Chromatin immunoprecipitations were performed with cross-linked chromatin from HeLa cells treated with hTNF-α #8902 (30 ng/ml, 1 hr) and either NF-κB p65 (D14E12) XP® Rabbit mAb or Normal Rabbit IgG #2729 using SimpleChIP® Enzymatic Chromatin IP Kit (Magnetic Beads) #9003. The enriched DNA was quantified by Real-Time PCR using SimpleChIP® Human IκBα Promoter Primers #5552, human IL-8 promoter primers, and SimpleChIP® Human α Satellite Repeat Primers #4486. The amount of immunoprecipitated DNA in each sample is represented as signal relative to the total amount of input chromatin, which is equivalent to one.

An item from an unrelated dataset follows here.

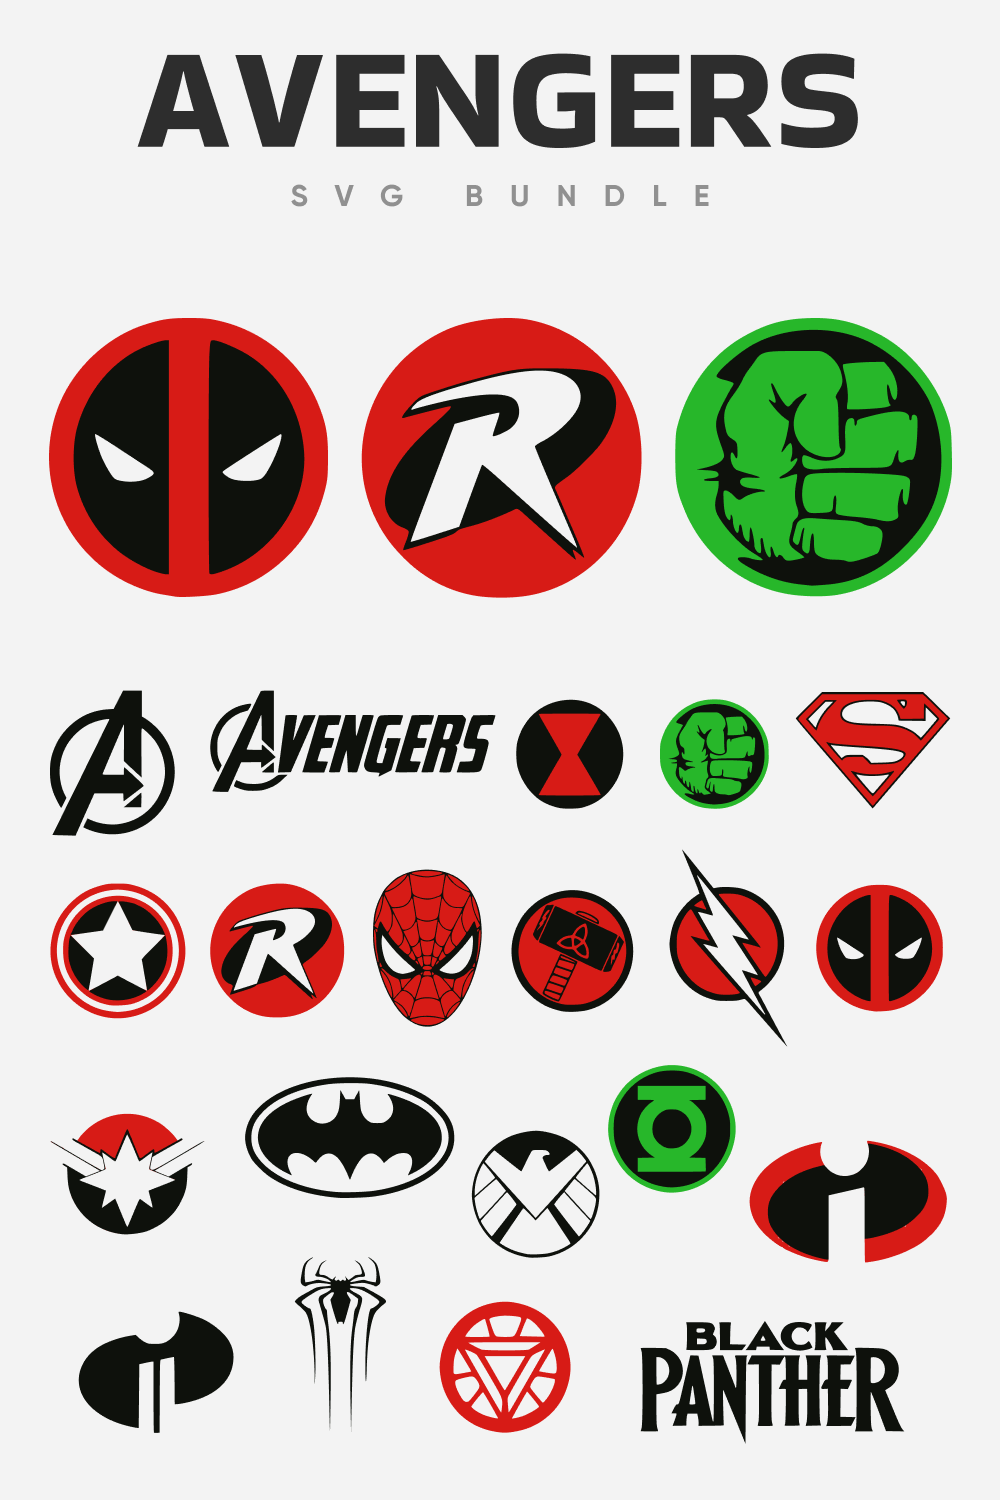 Avengers SVG bundle avengers.

CUT&RUN was performed with HeLa cells treated with hTNF-α #8902 (30 ng/ml, 1 hr) and NF-κB p65 (D14E12) XP® Rabbit mAb, using CUT&RUN Assay Kit #86652. DNA Libraries were prepared using DNA Library Prep Kit for Illumina® (ChIP-seq, CUT&RUN) #56795. The figure shows binding across LAMC2, a known target gene of NF-κB p65 (see additional figure containing CUT&RUN-qPCR data).
CUT&RUN was performed with HeLa cells treated with hTNF-α #8902 (30 ng/ml, 1 hr) and NF-κB p65 (D14E12) XP® Rabbit mAb, using CUT&RUN Assay Kit #86652. DNA Libraries were prepared using DNA Library Prep Kit for Illumina® (ChIP-seq, CUT&RUN) #56795. The figures show binding across chromosome 1 (upper), including LAMC2 (lower), a known target gene of NF-κB p65 (see additional figure containing CUT&RUN-qPCR data).